> _Data extract_:
-------------------------
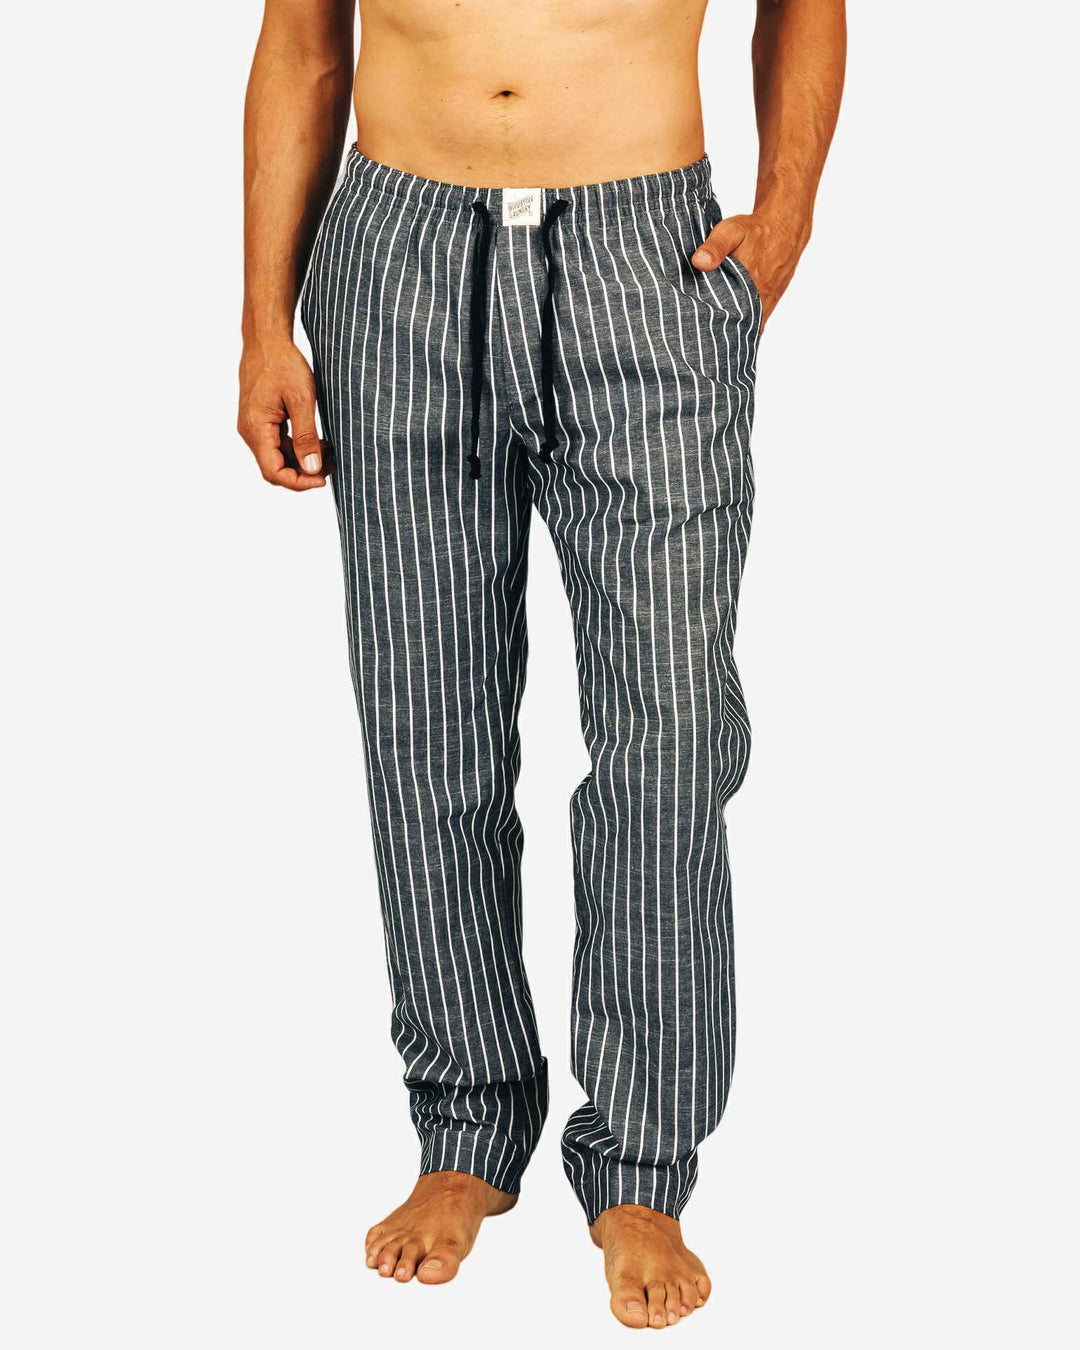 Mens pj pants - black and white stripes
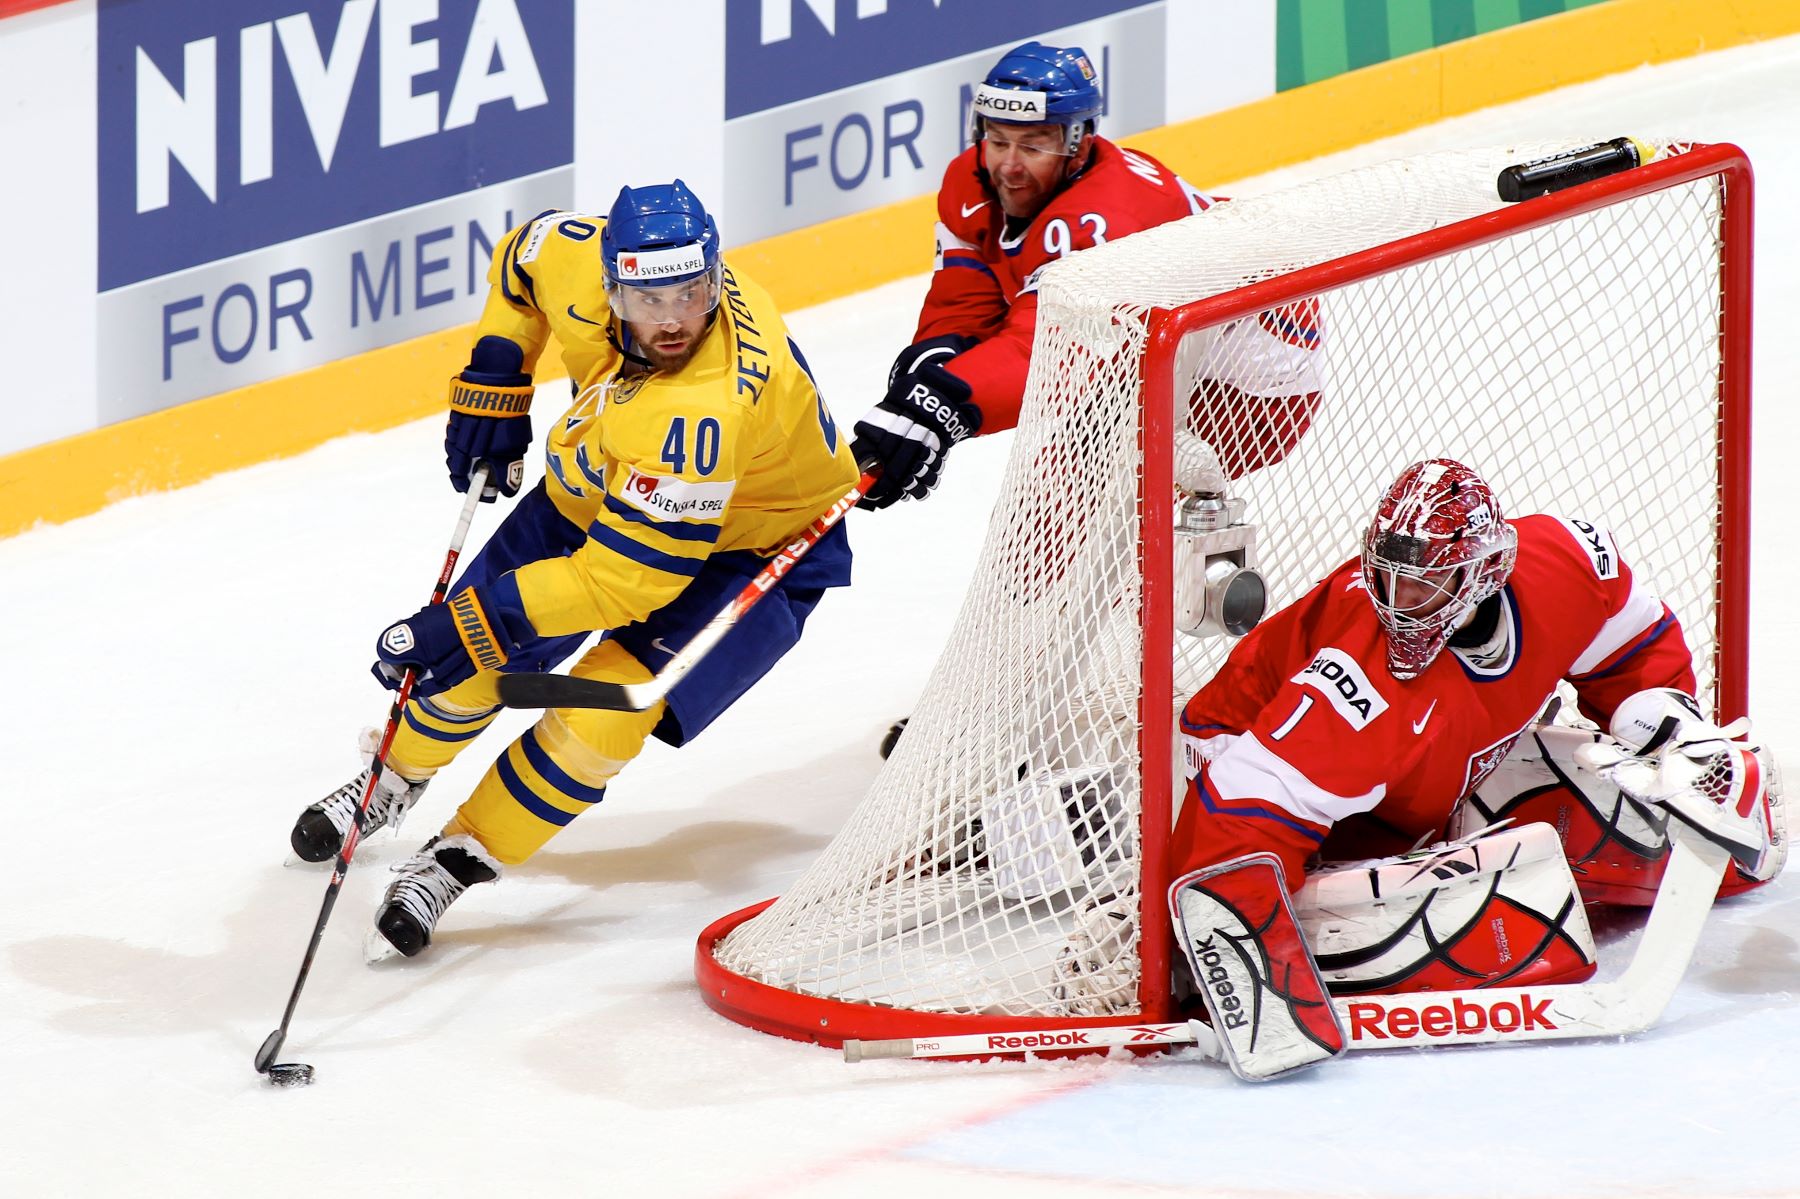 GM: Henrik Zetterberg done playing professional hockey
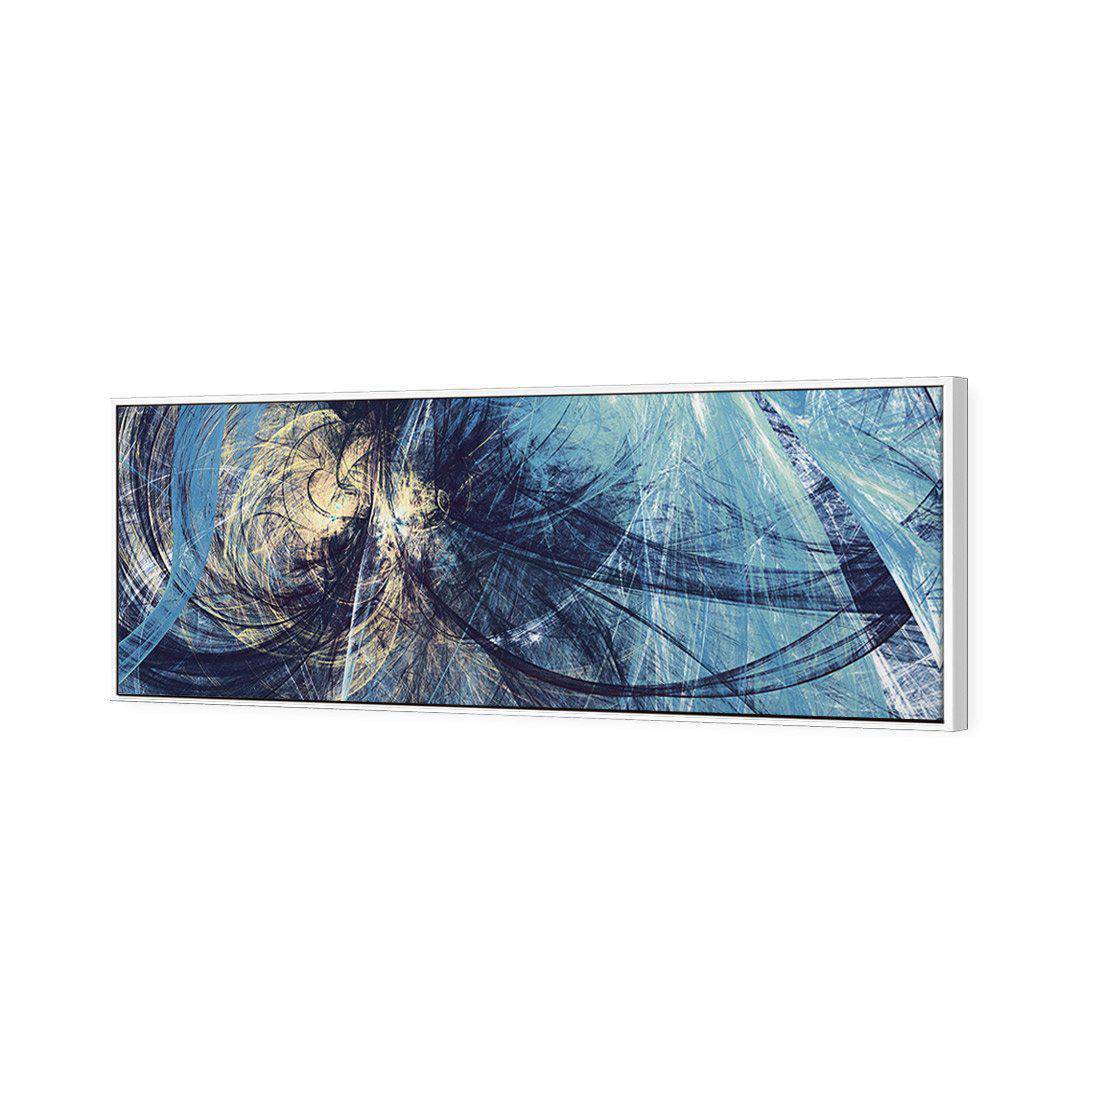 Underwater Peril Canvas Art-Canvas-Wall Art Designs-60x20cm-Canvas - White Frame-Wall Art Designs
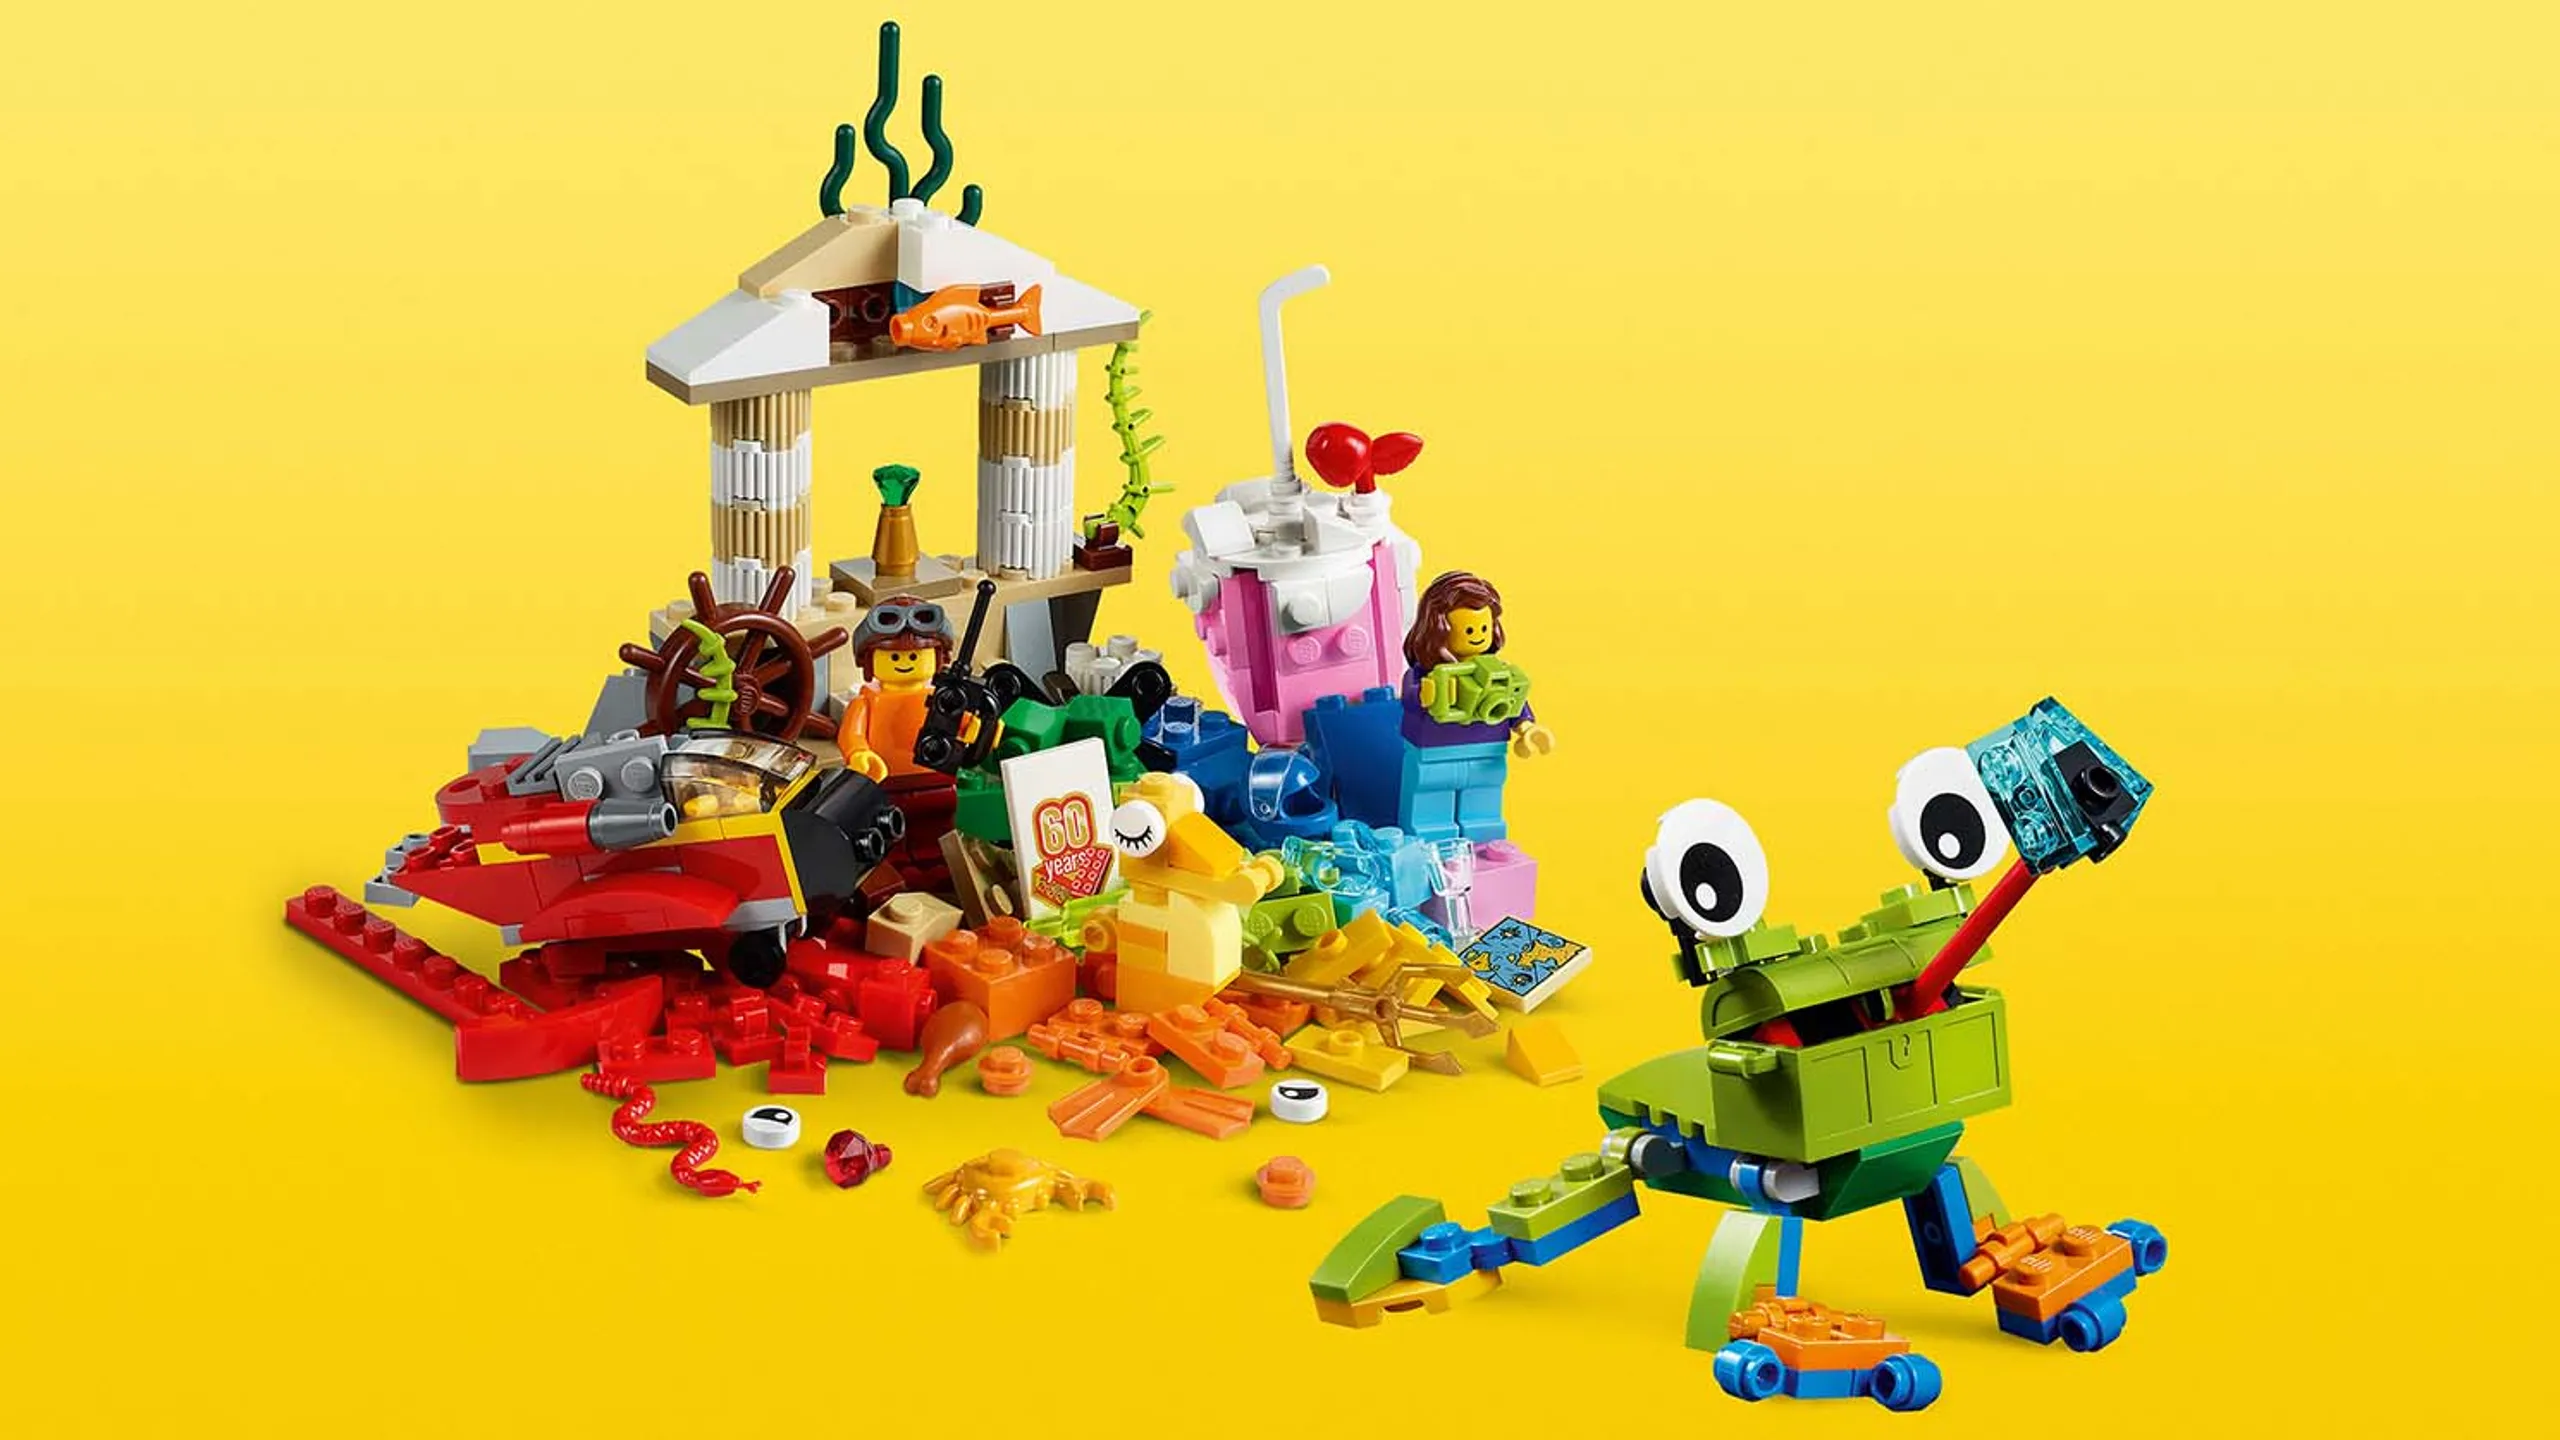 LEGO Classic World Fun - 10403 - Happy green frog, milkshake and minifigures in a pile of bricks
-------------------------
> _Task statement_: All of the listing above must be output exactly, except for its pictures.

> _Exercise answer_:
 Mens pj pants - black and white stripes
 GM: Henrik Zetterberg done playing professional hockey
 Underwater Peril Canvas Art-Canvas-Wall Art Designs-60x20cm-Canvas - White Frame-Wall Art Designs
 LEGO Classic World Fun - 10403 - Happy green frog, milkshake and minifigures in a pile of bricks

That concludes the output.